## Task
From the line containing "sozialforschung-online | Informationen" down to the last line of the material, output each line exactly as it appears, excluding pictures.

## Data excerpt

-- -- --

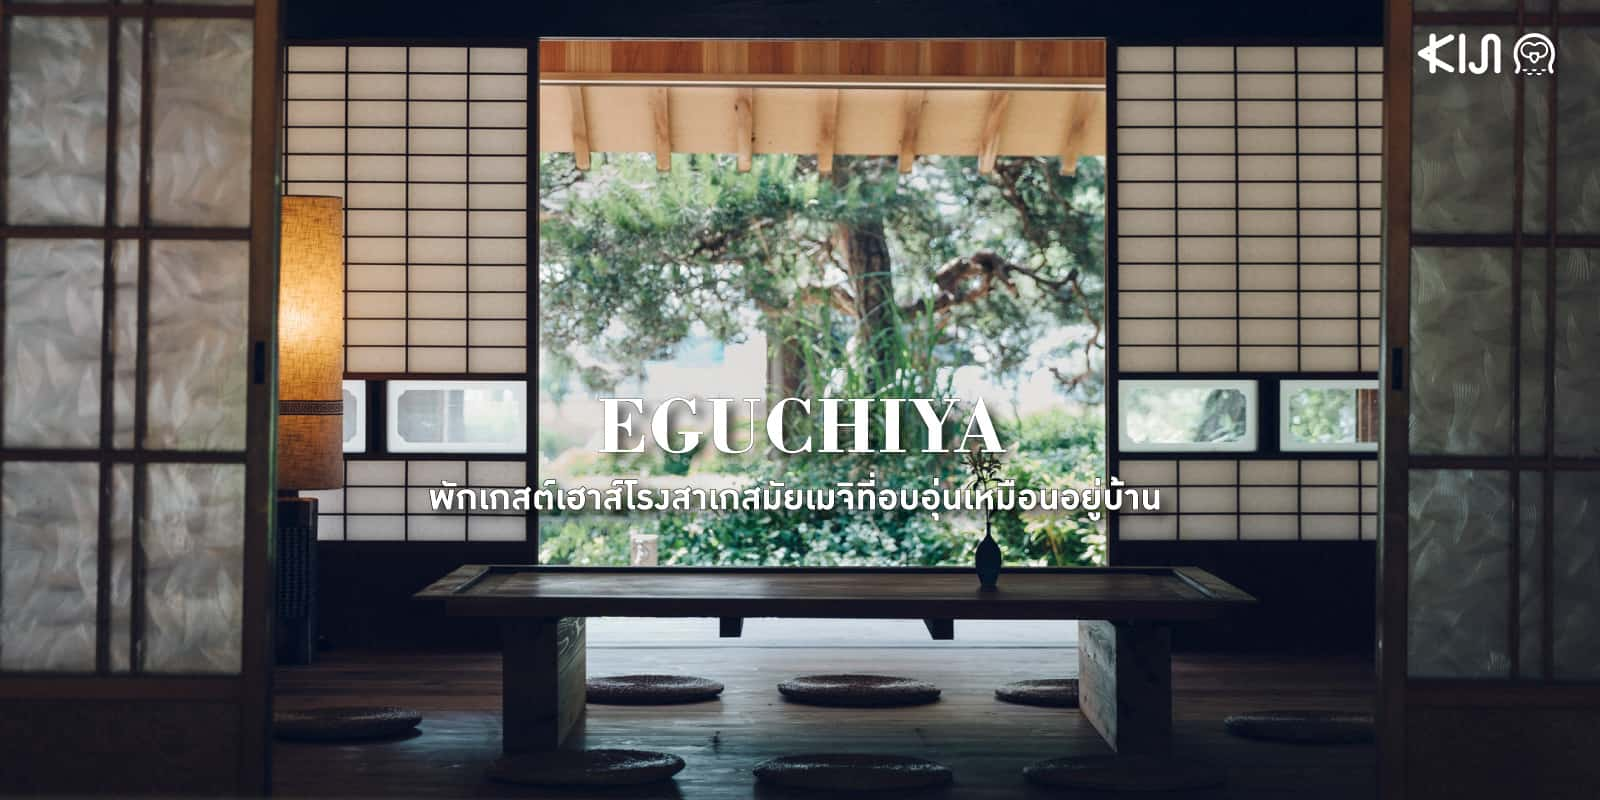 ที่พักในอิบารากิ EGUCHIYA (江口屋)
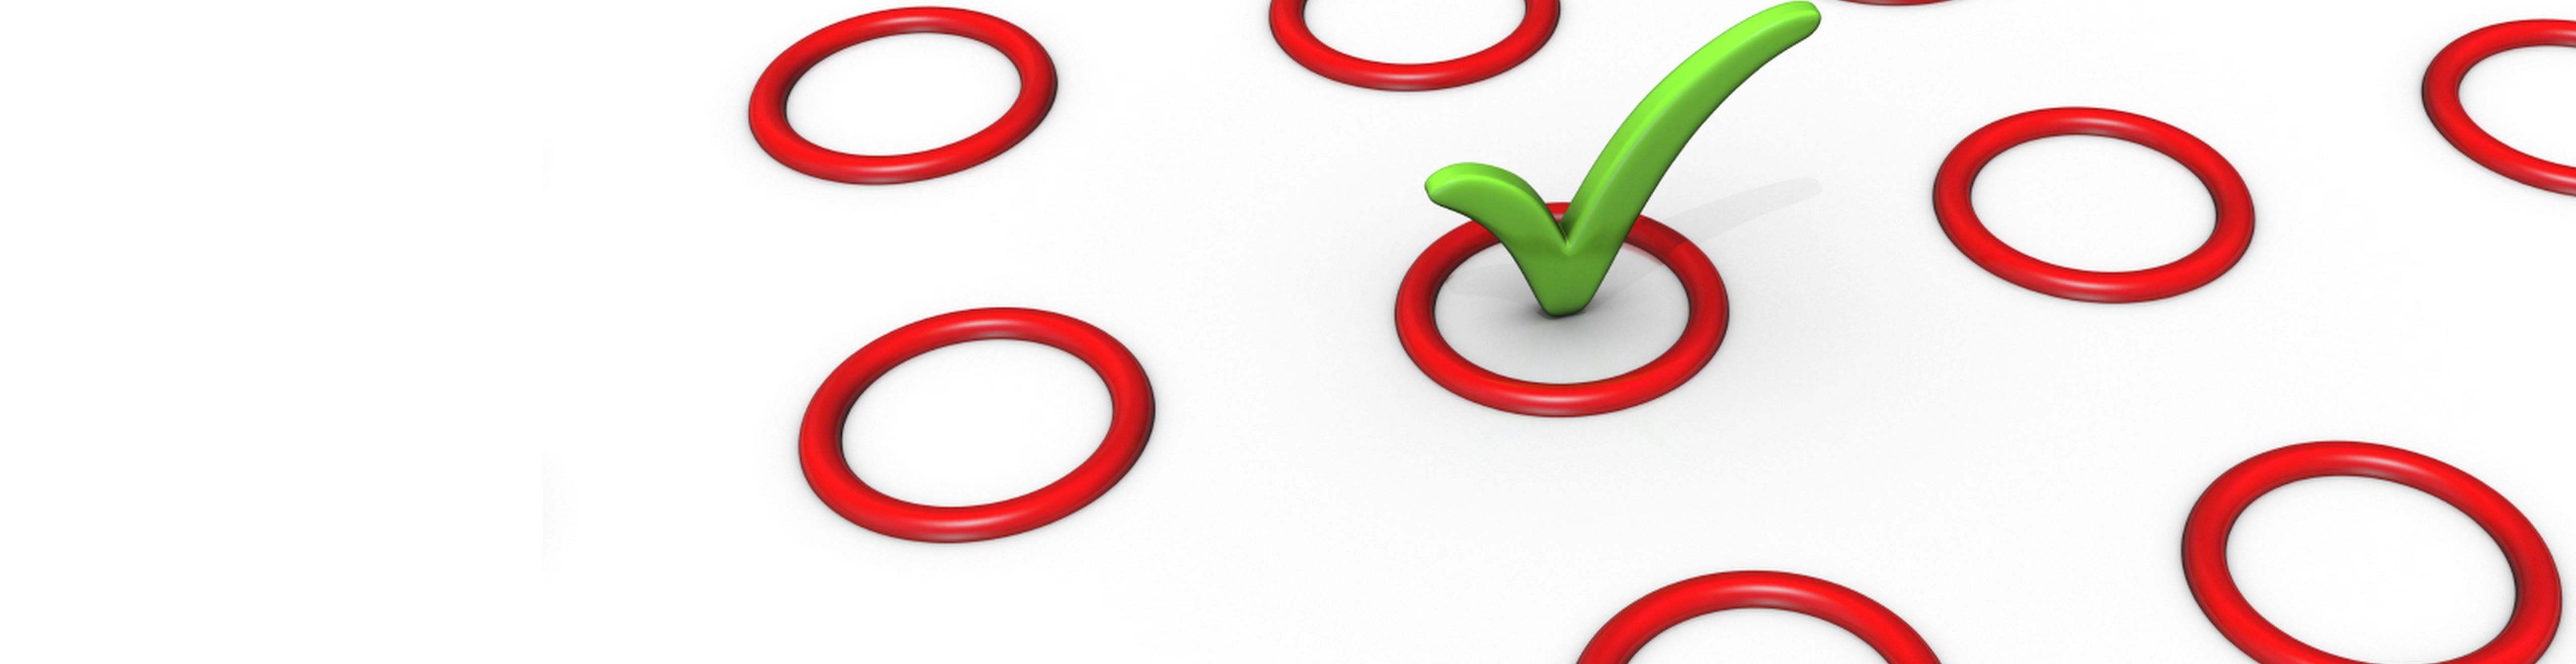 sozialforschung-online | Informationen für Unternehmen
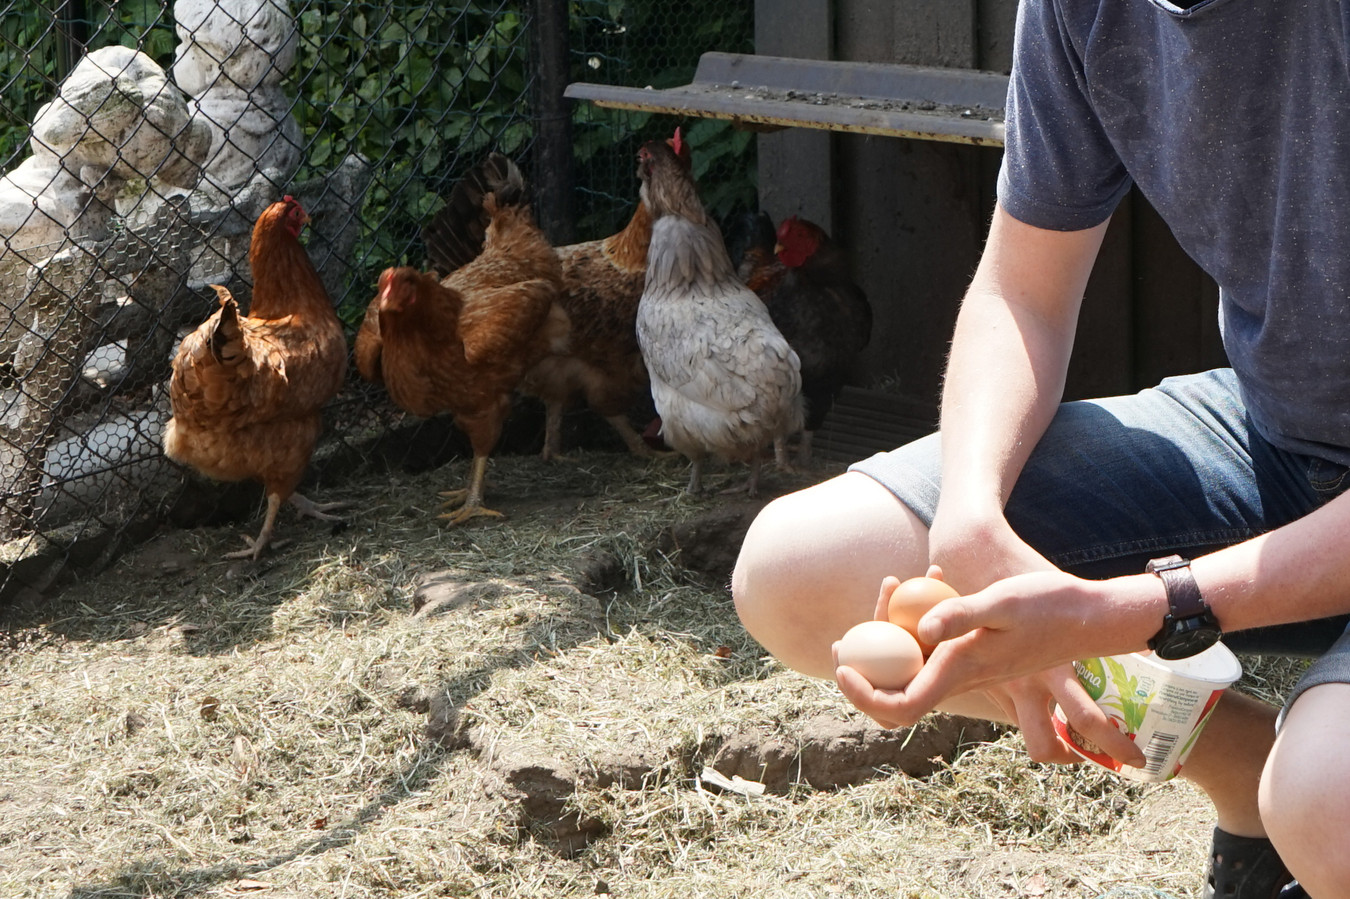 Eieren eten van eigen kippen zou schadelijk kunnen zijn binnen een straal van tien kilometer van de PFOS-vervuiling in Zwijndrecht.

-- -- --

## Output below
 sozialforschung-online | Informationen für Unternehmen
 Eieren eten van eigen kippen zou schadelijk kunnen zijn binnen een straal van tien kilometer van de PFOS-vervuiling in Zwijndrecht.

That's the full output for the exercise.